== THE TASK ==
Using only the entries below, output the lines starting at the one containing "Nike Air Jordan" and ending at the one containing "мужской, 60 мл", exactly and inclusive of both, omitting the pictures.

== PROVIDED MATERIAL ==
......
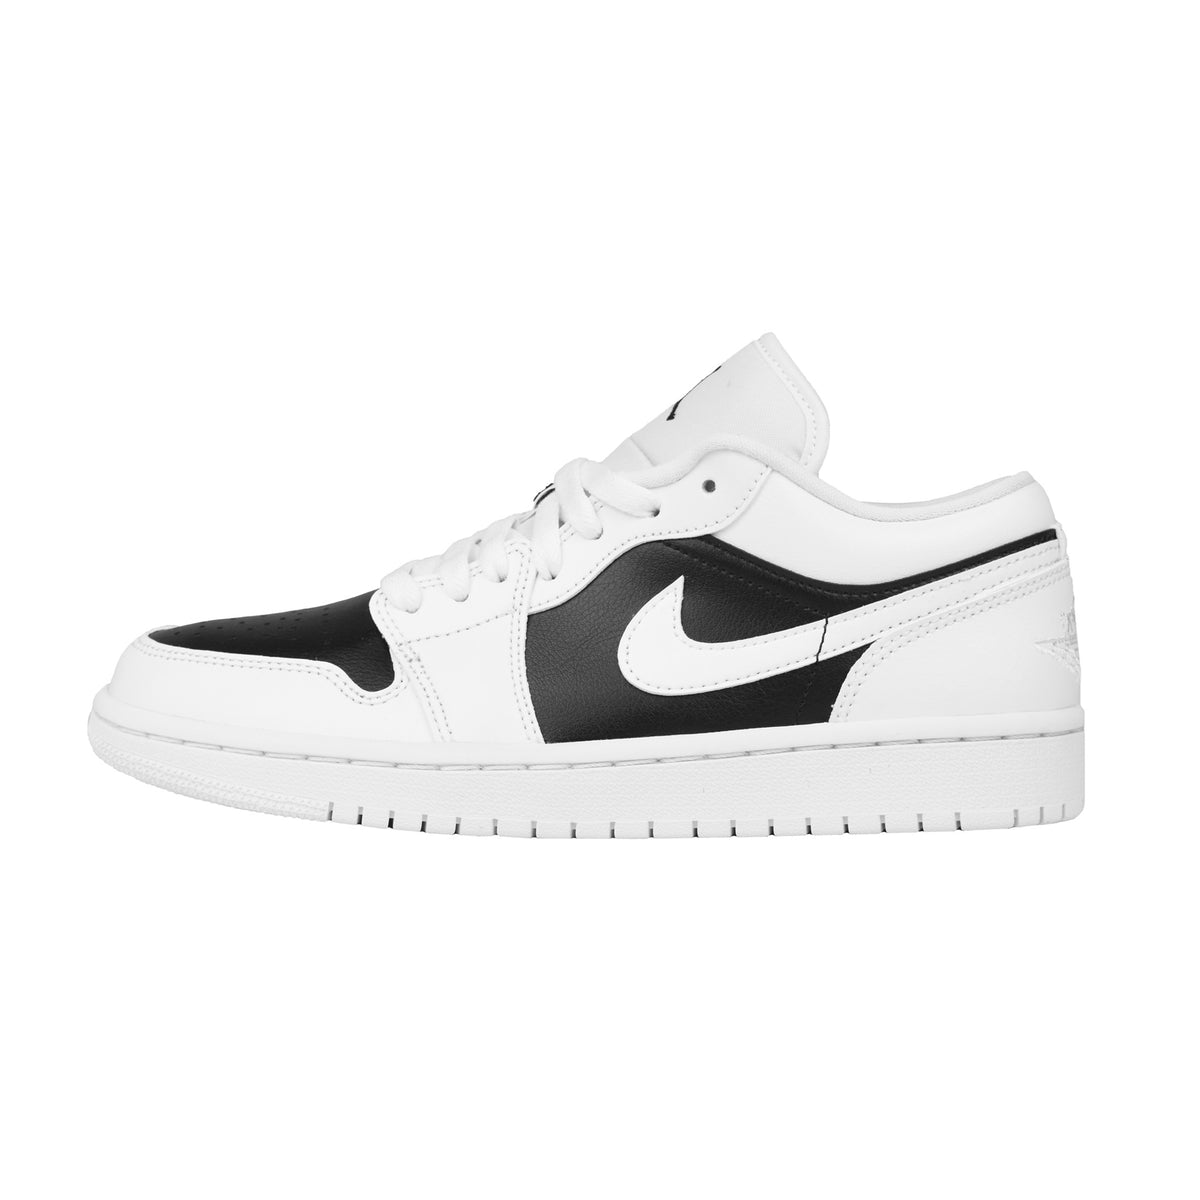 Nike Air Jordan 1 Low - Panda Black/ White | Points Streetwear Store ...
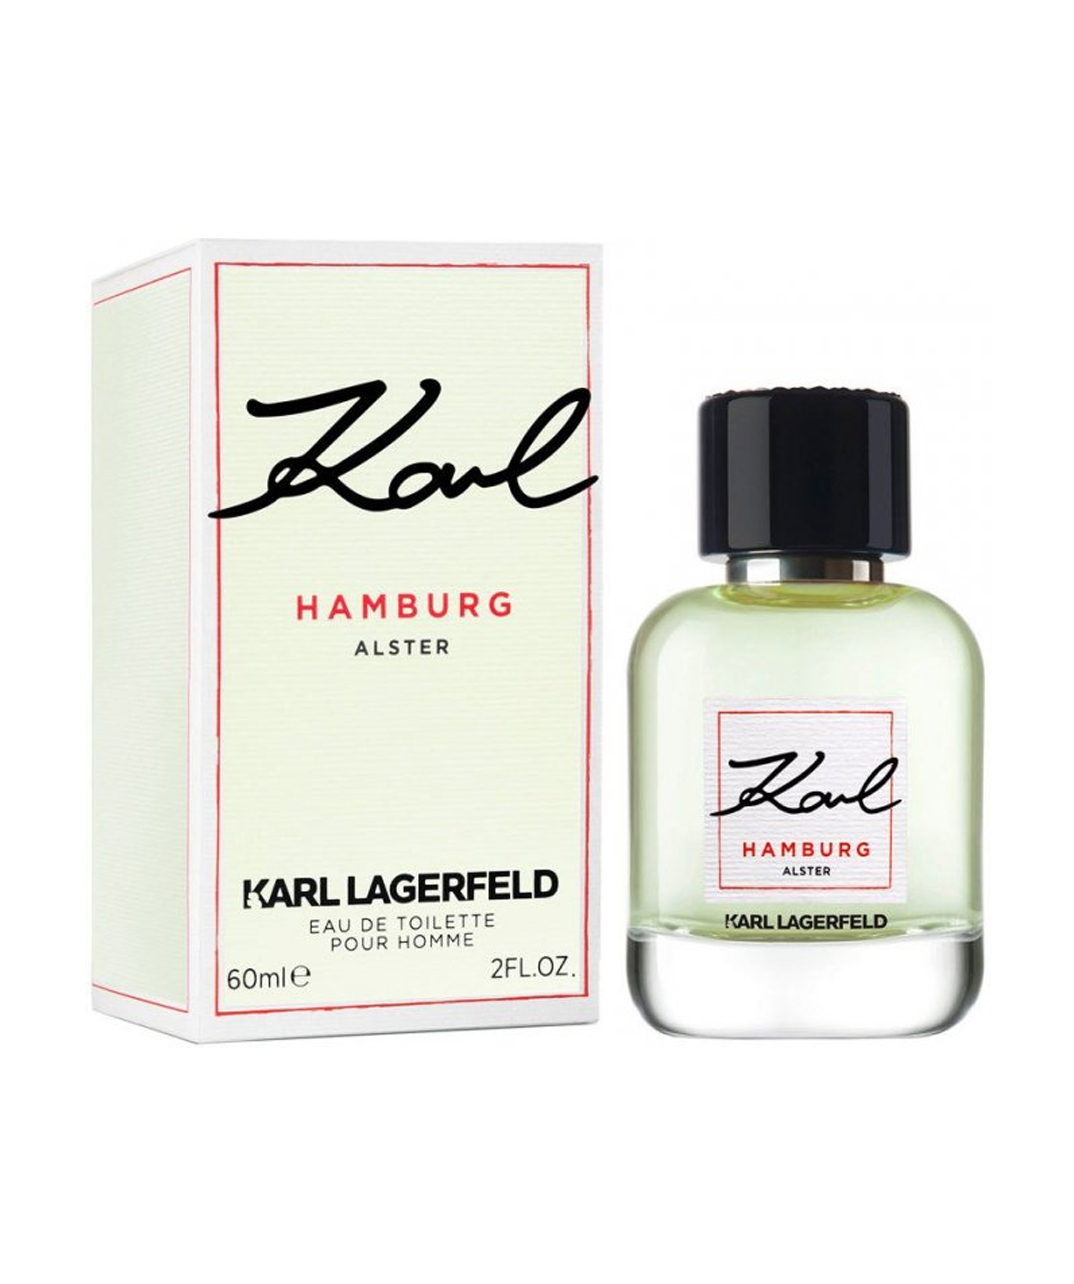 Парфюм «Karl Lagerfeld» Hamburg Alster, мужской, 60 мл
......
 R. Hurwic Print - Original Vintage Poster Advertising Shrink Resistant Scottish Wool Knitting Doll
......
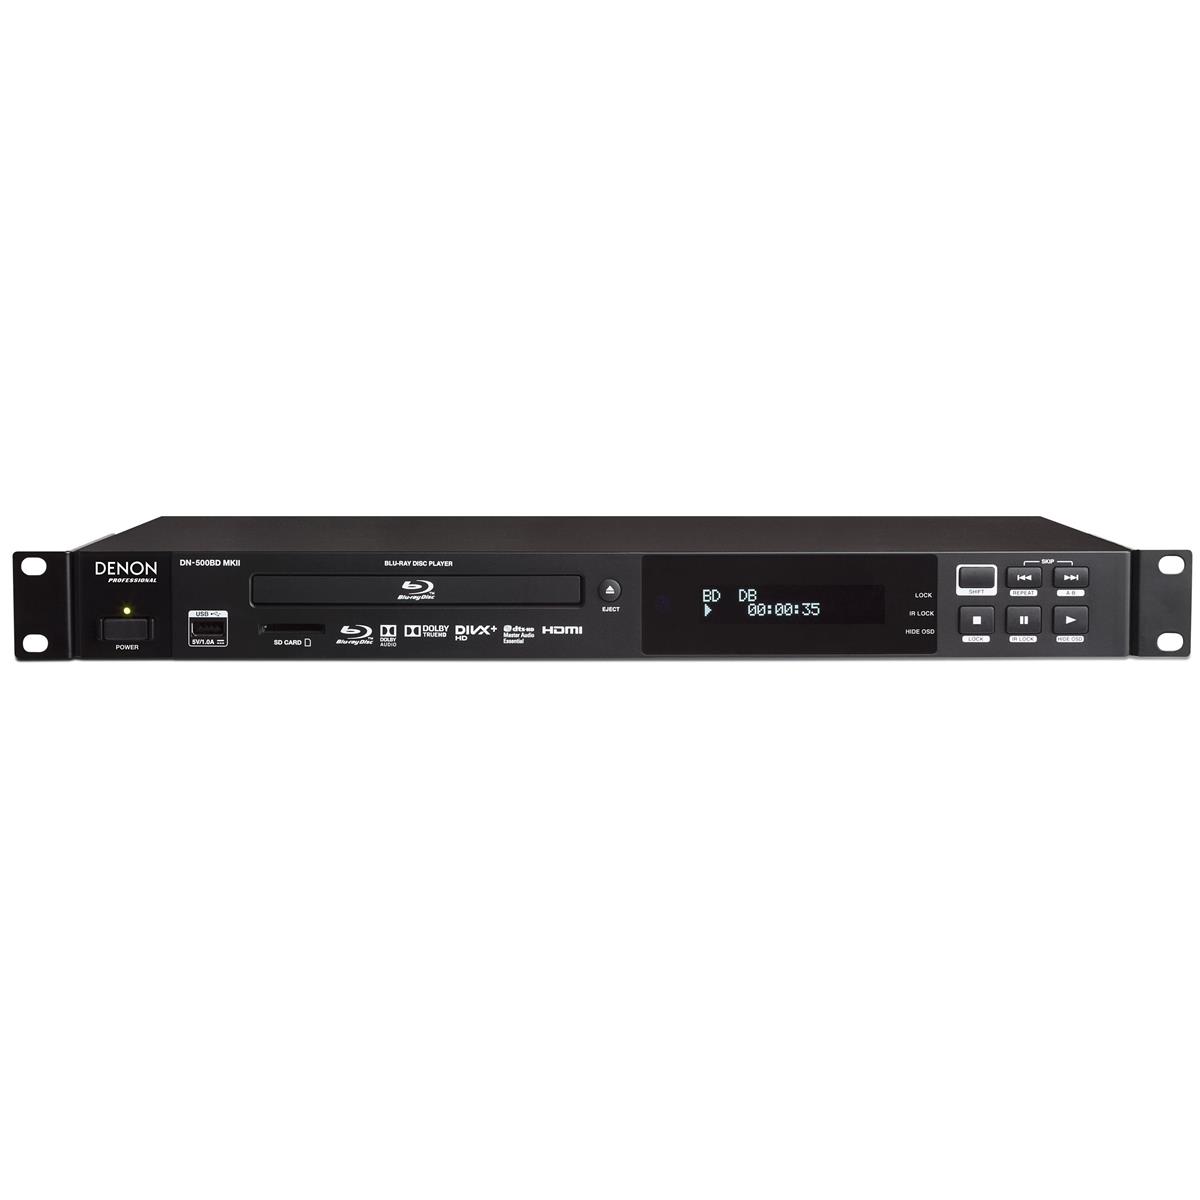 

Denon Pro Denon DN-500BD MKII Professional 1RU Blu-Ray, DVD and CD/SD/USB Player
......
== EXERCISE OUTPUT ==
 Nike Air Jordan 1 Low - Panda Black/ White | Points Streetwear Store ...
 Парфюм «Karl Lagerfeld» Hamburg Alster, мужской, 60 мл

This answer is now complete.